**DATASET EXCERPT**
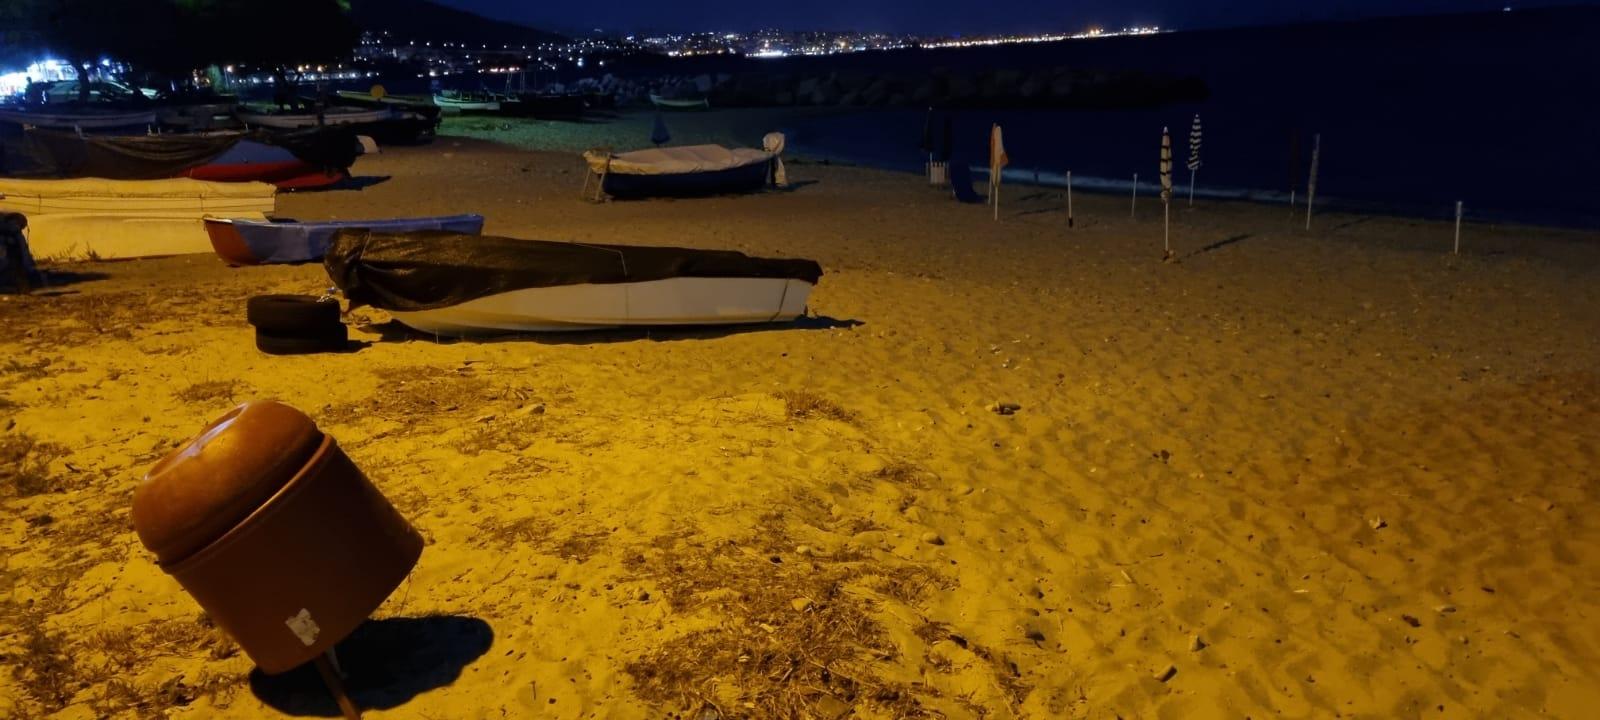 """Gallico, se la spiaggia diventa """"privata"""": decine di ombrelloni piantati giorno e notte"""
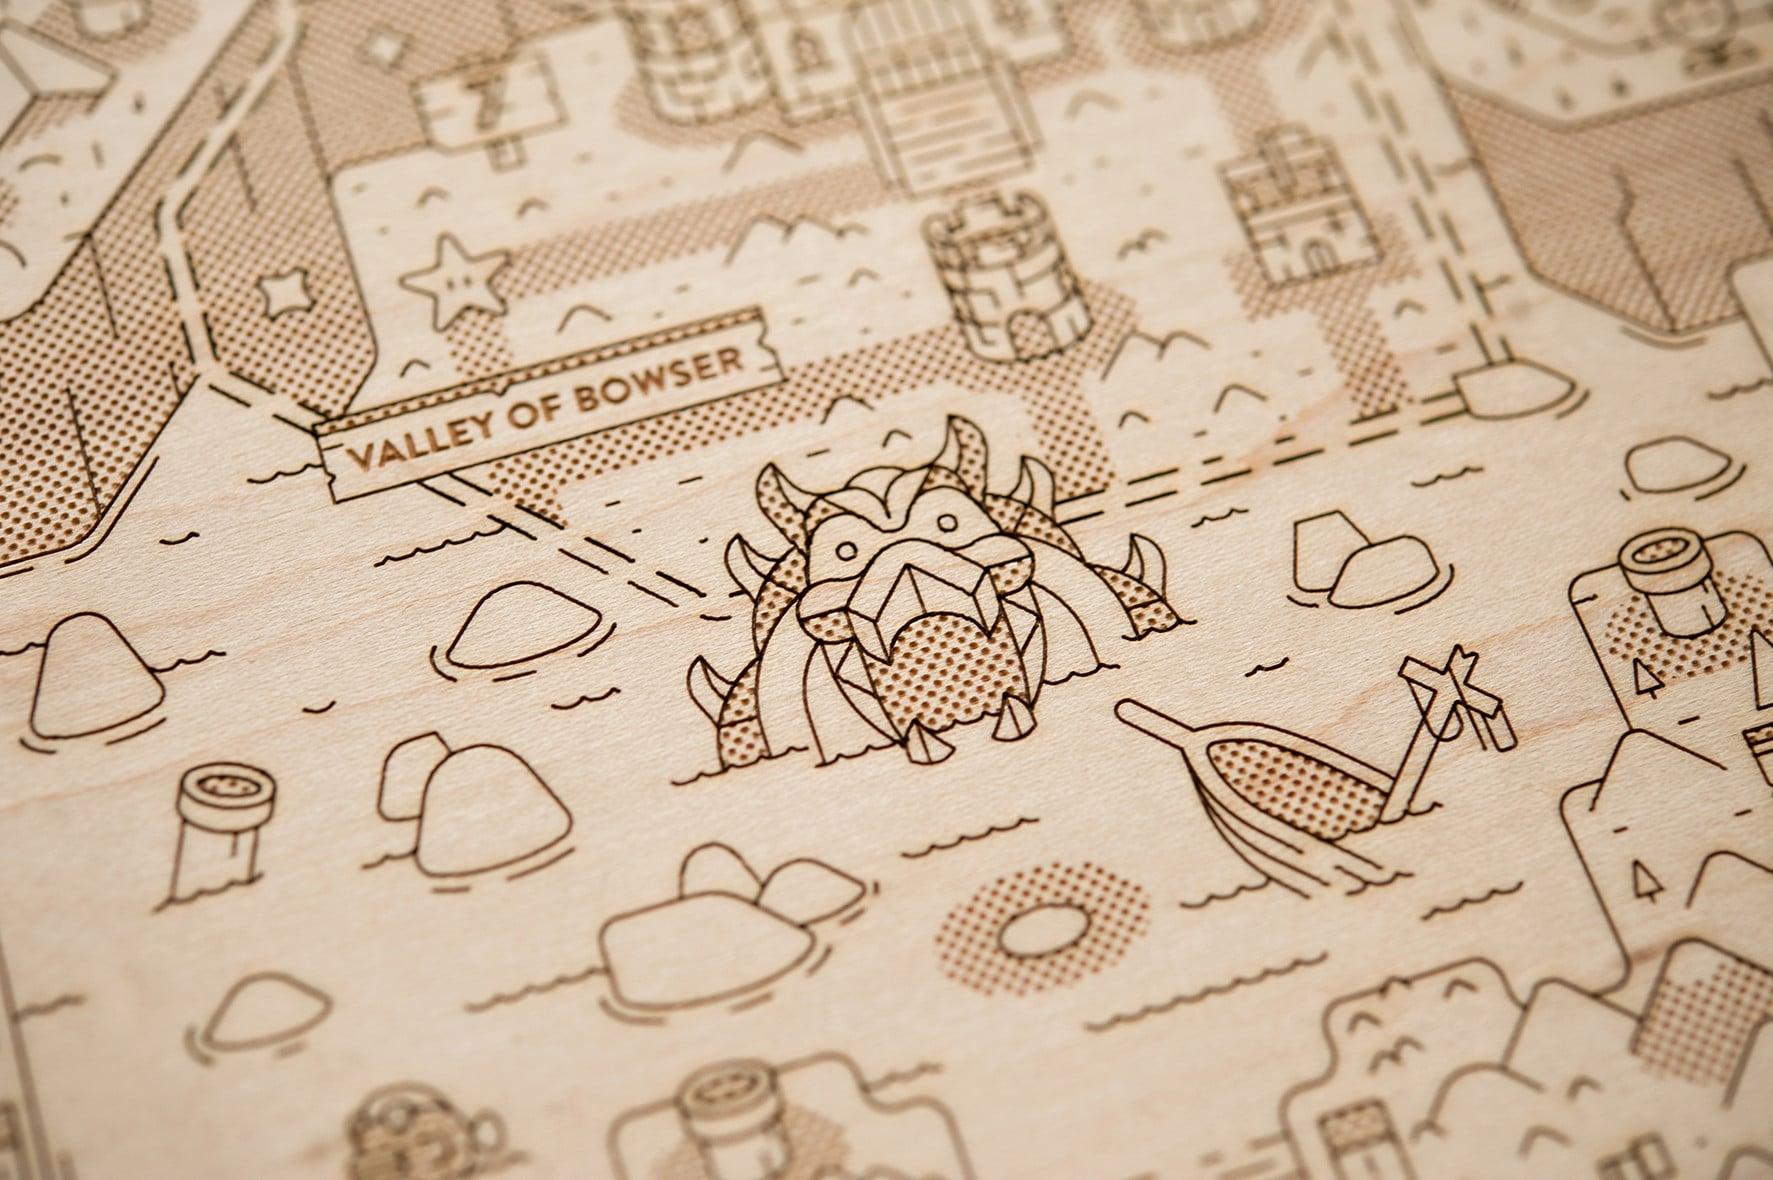 Sieht diese Karte nicht schön aus? (Foto: Alex Griendling)
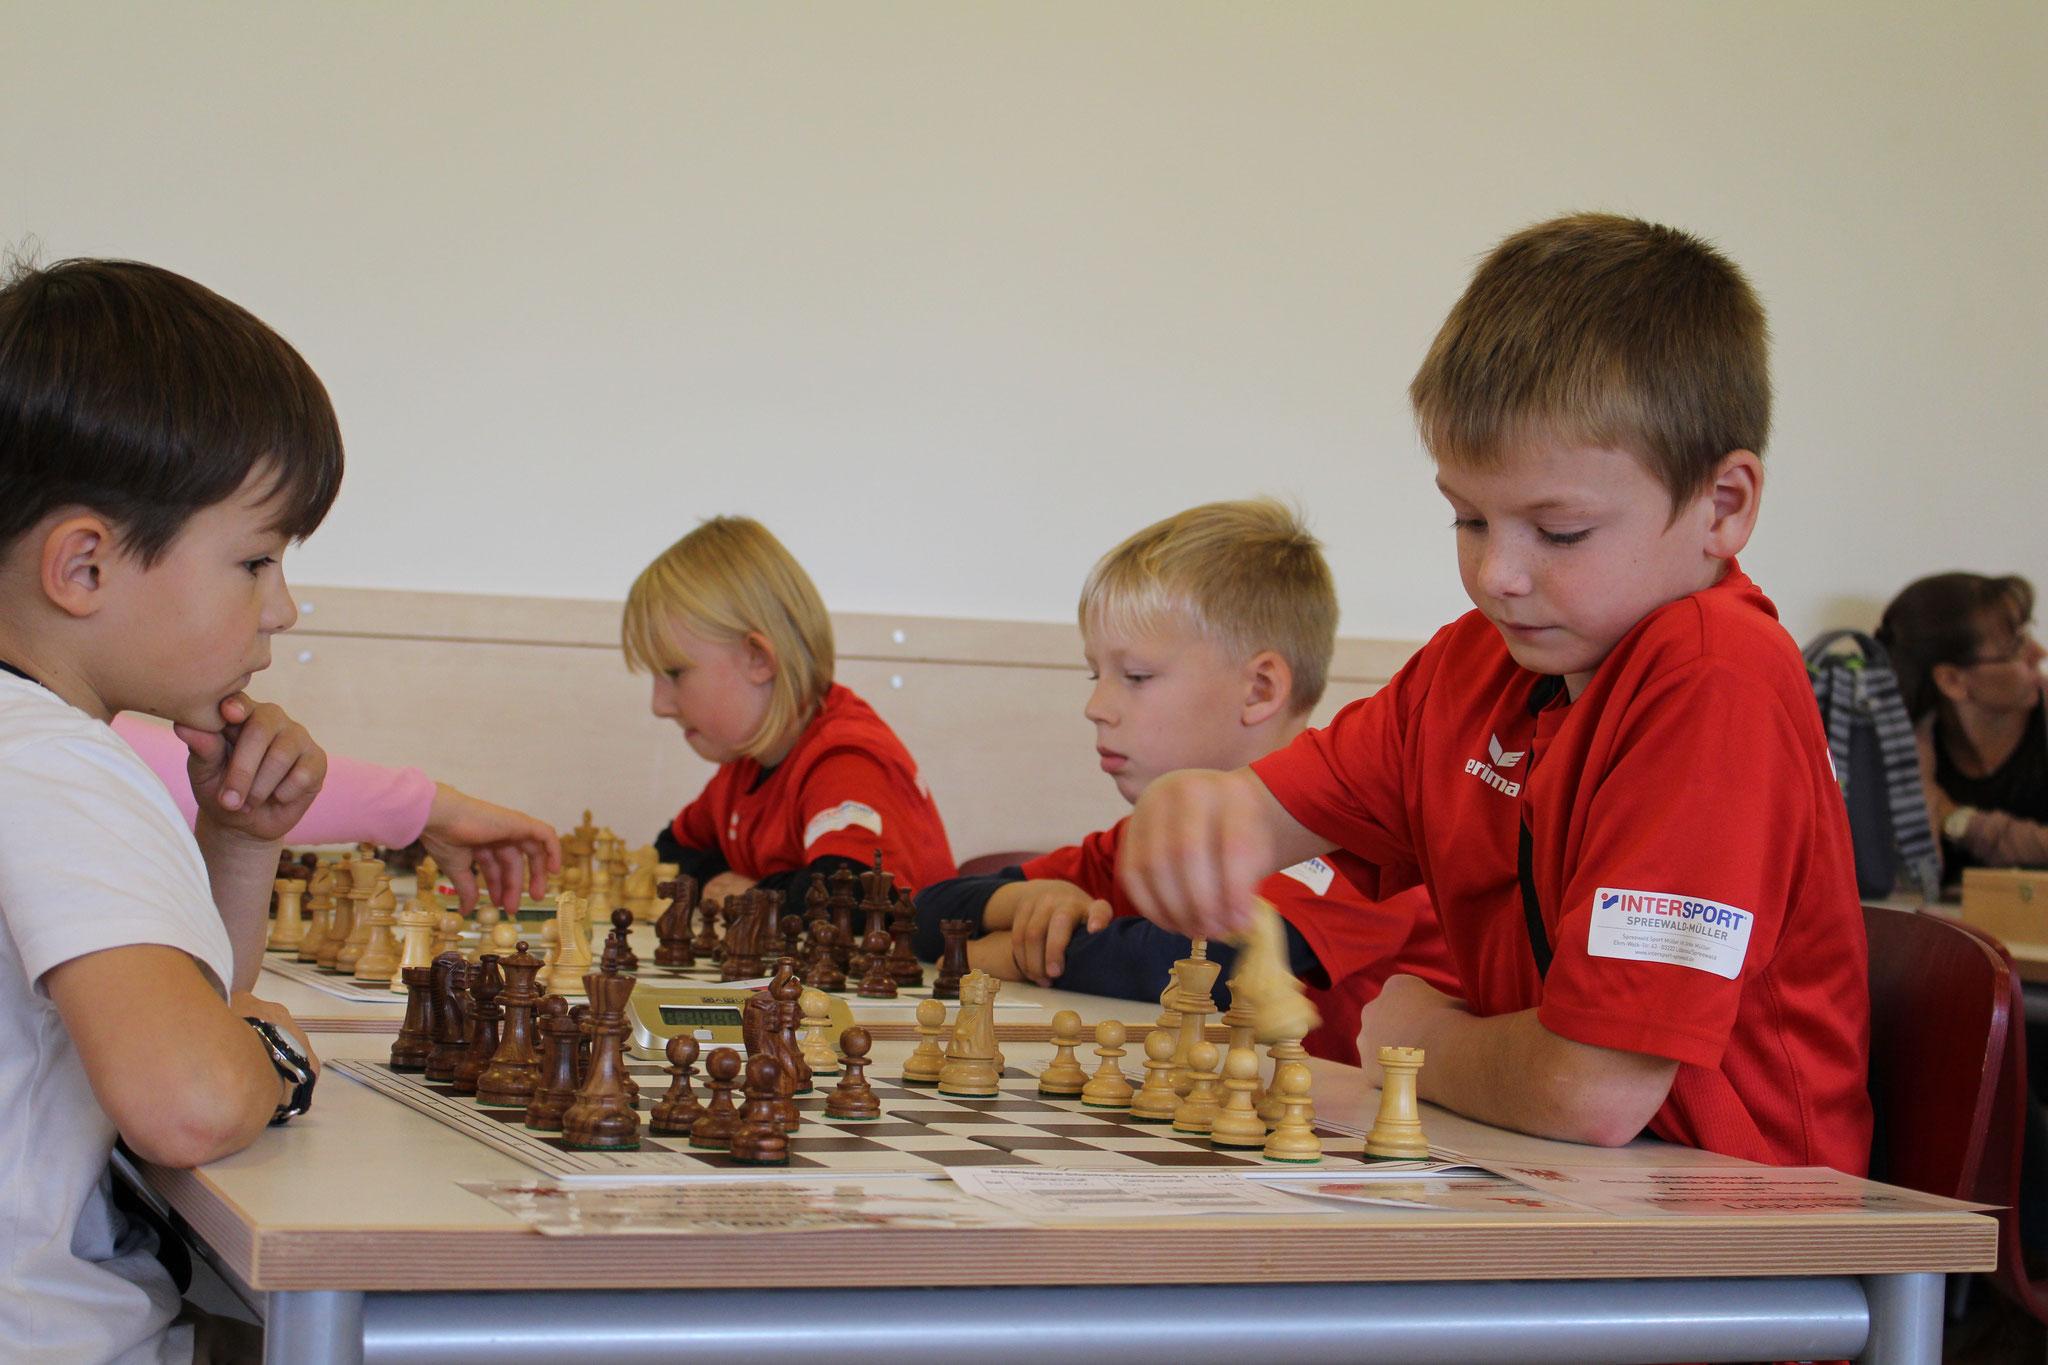 AK 1 : Das Team der Werner-Seelenbinder-GS mit Adam (Brett 1) , William (Brett 2) und Alexa (Brett 3) mitten im Match

**WHAT YOU SHOULD DO**
What you give back must match the material above exactly, minus its pictures.

**REPLY TO THE EXERCISE**
 """Gallico, se la spiaggia diventa """"privata"""": decine di ombrelloni piantati giorno e notte"""
 Sieht diese Karte nicht schön aus? (Foto: Alex Griendling)
 AK 1 : Das Team der Werner-Seelenbinder-GS mit Adam (Brett 1) , William (Brett 2) und Alexa (Brett 3) mitten im Match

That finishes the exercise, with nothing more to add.